Twenty-five states have called on Congress to propose an amendment to the U.S. Constitution that returns the power to regulate election spending to the states: Alaska, California, Colorado, Connecticut, Delaware, Hawaii, Idaho, Illinois, Maine, Maryland, Massachusetts, Montana, Nevada, New Hampshire, New Jersey, New Mexico, New York, Oklahoma, Oregon, Rhode Island, Utah, Vermont, Virginia, Washington, and West Virginia. In 2026, Oklahoma and Idaho became the latest states to pass resolutions in support of the amendment.

Several more states are actively considering similar resolutions, and polling consistently shows that an amendment is popular with Americans across the board.

On June 4, 2026, with the support of American Promise, U.S. Rep. Tom Barrett, R-Mich., introduced House Joint Resolution 191, the Constitutional Campaign Finance Reform Amendment, which adopts, almost verbatim, the language of the For Our Freedom Amendment.

== Cross-Partisan Appeal ==
American Promise’s amendment solution has broad cross-partisan appeal. It does not impose any policy, and instead simply returns the ability to set the rules for money in politics to Americans and their elected leaders.

Americans are united in their concern about money in politics, and rank it as the top problem facing the country, and polling shows the amendment is supported by Democrats (76%), Republicans (72%) and Independents (74%).

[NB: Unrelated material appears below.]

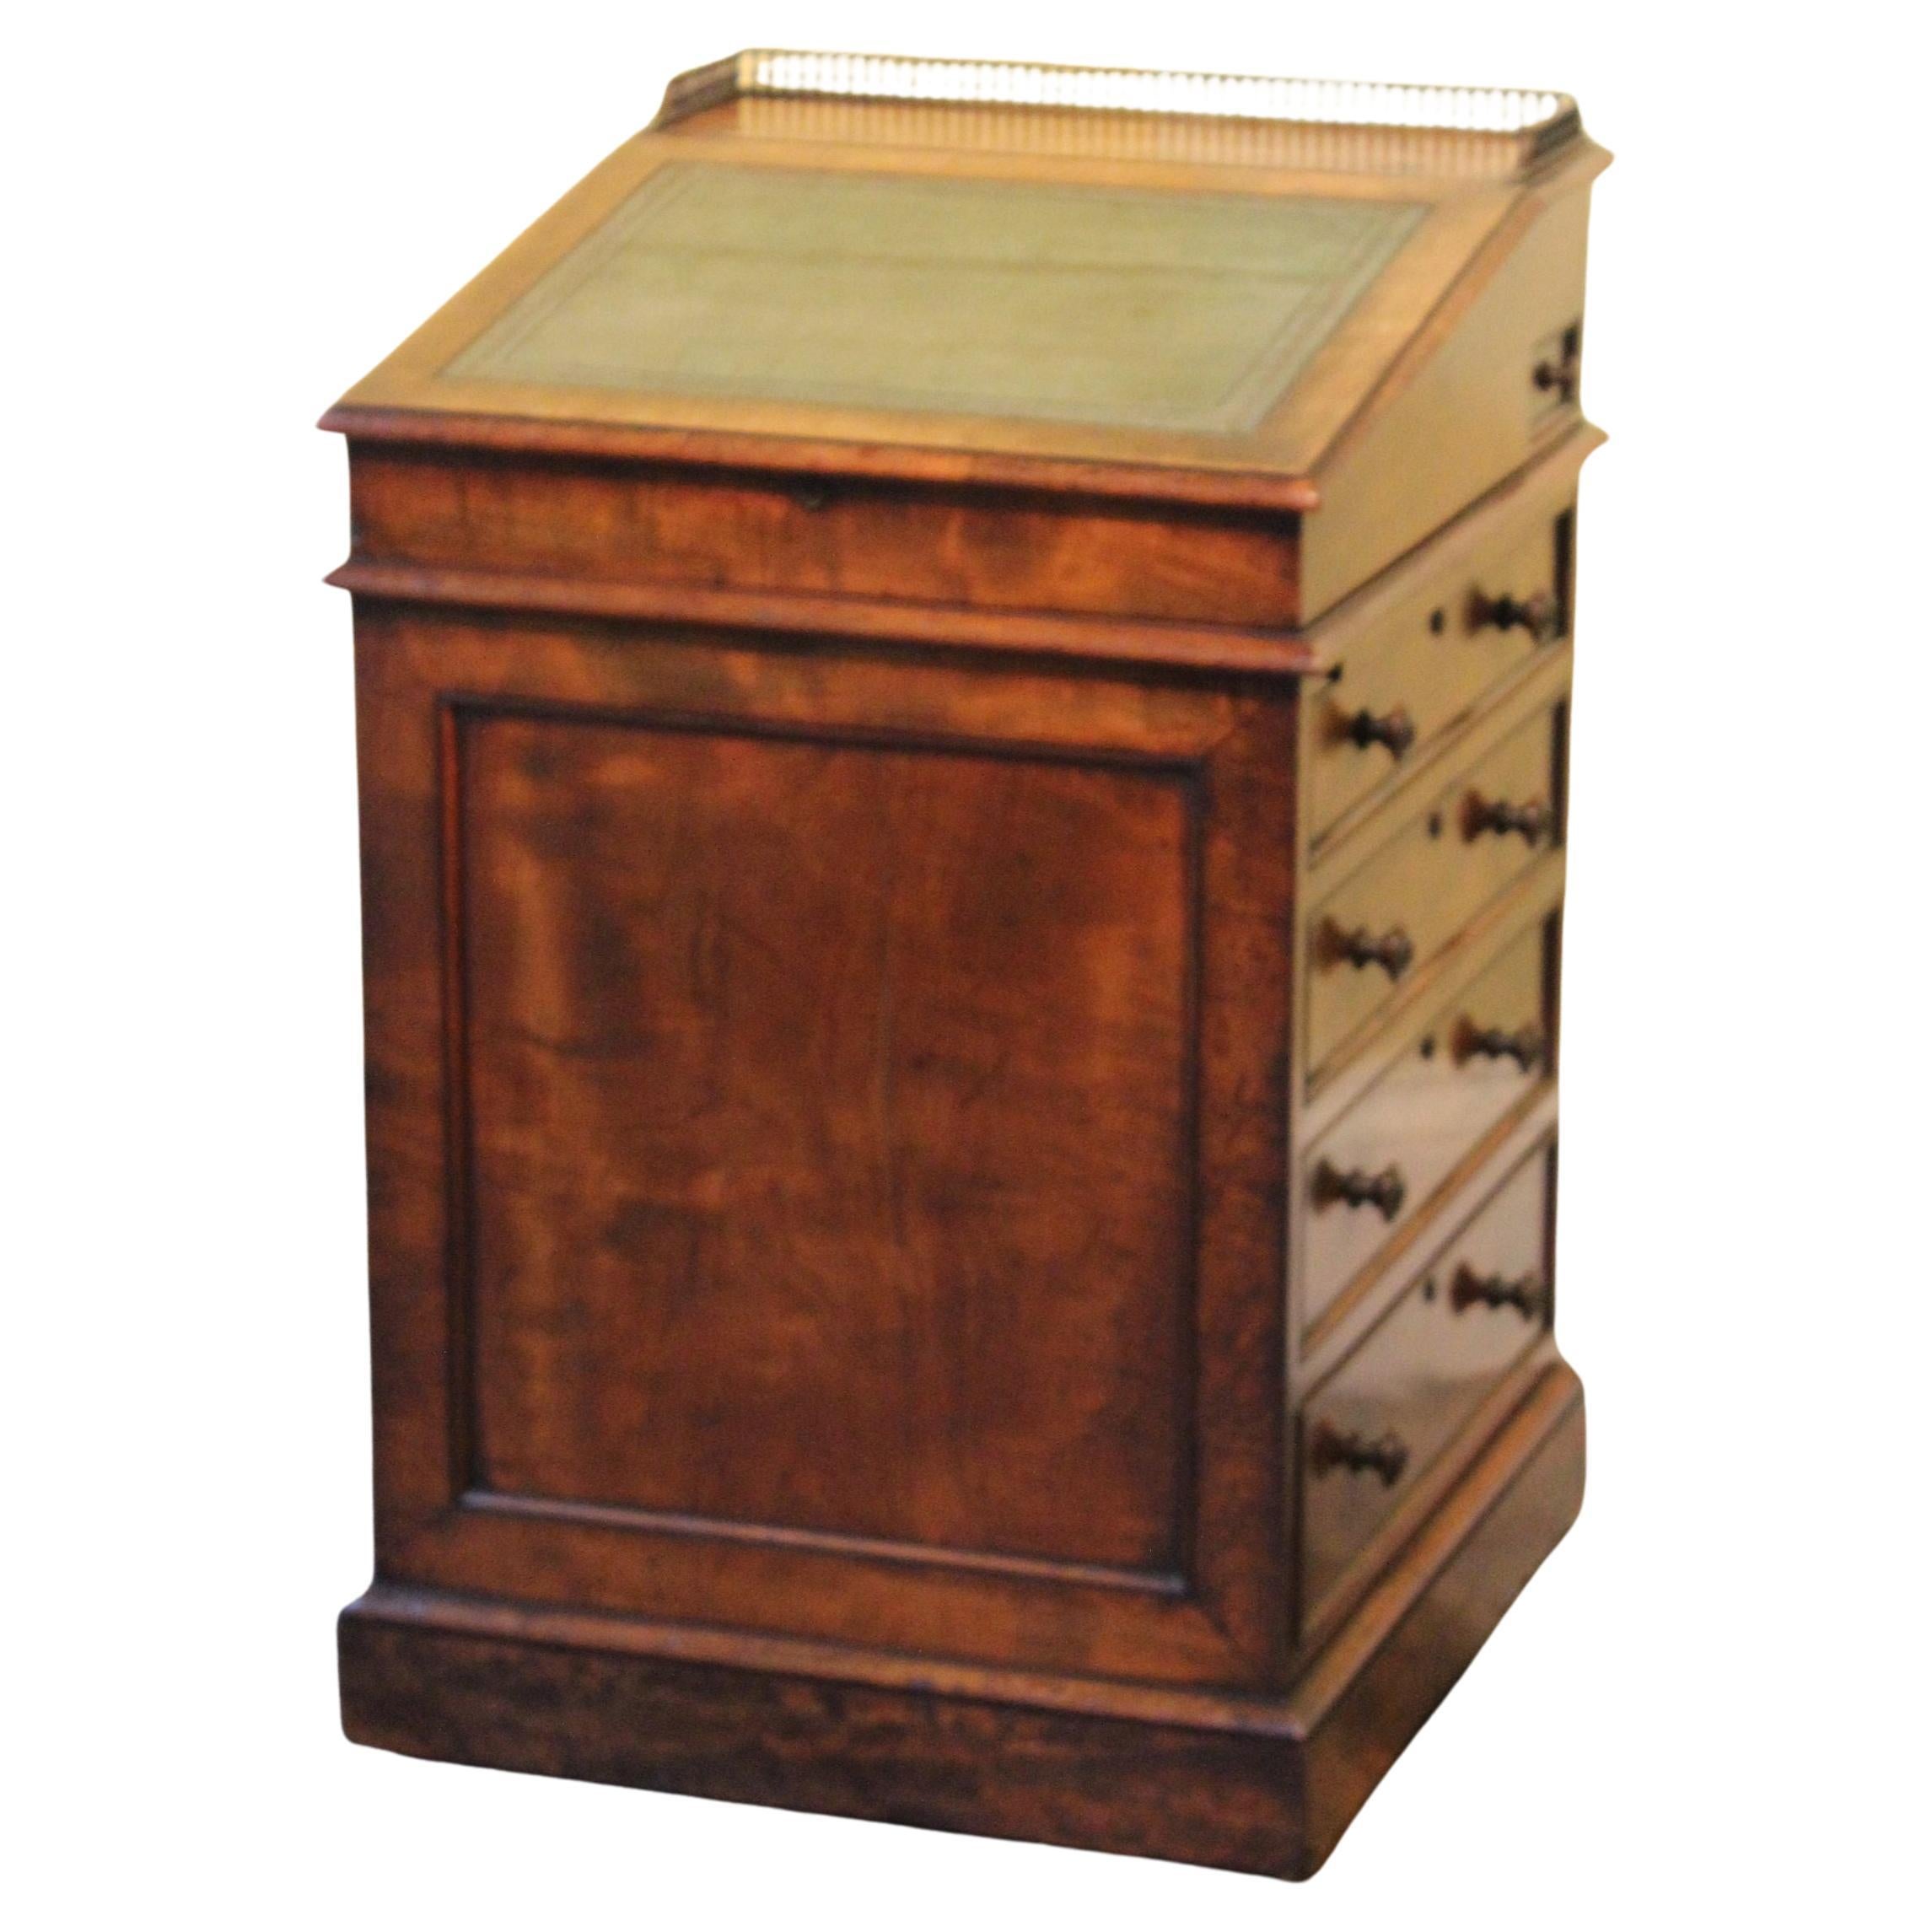 A Fine 19thc Davenport Desk (5831)

In January 2026, Sutherland Institute, a think tank endorsed the American Promise amendment solution in its report, Freeing the States on Campaign Finance.

State legislators across parties support the amendment on a range of grounds from supporting federalism, to addressing the role of outside and dark money in state elections, and growing concerns about foreign-influenced money in elections.

==Key personnel and advisors==

Jeff Clements serves as founder and chief executive officer, and Anastasia Khoo is the organization's president. John Wass, a corporate executive and entrepreneur, has served as chairman of the board of directors since 2016.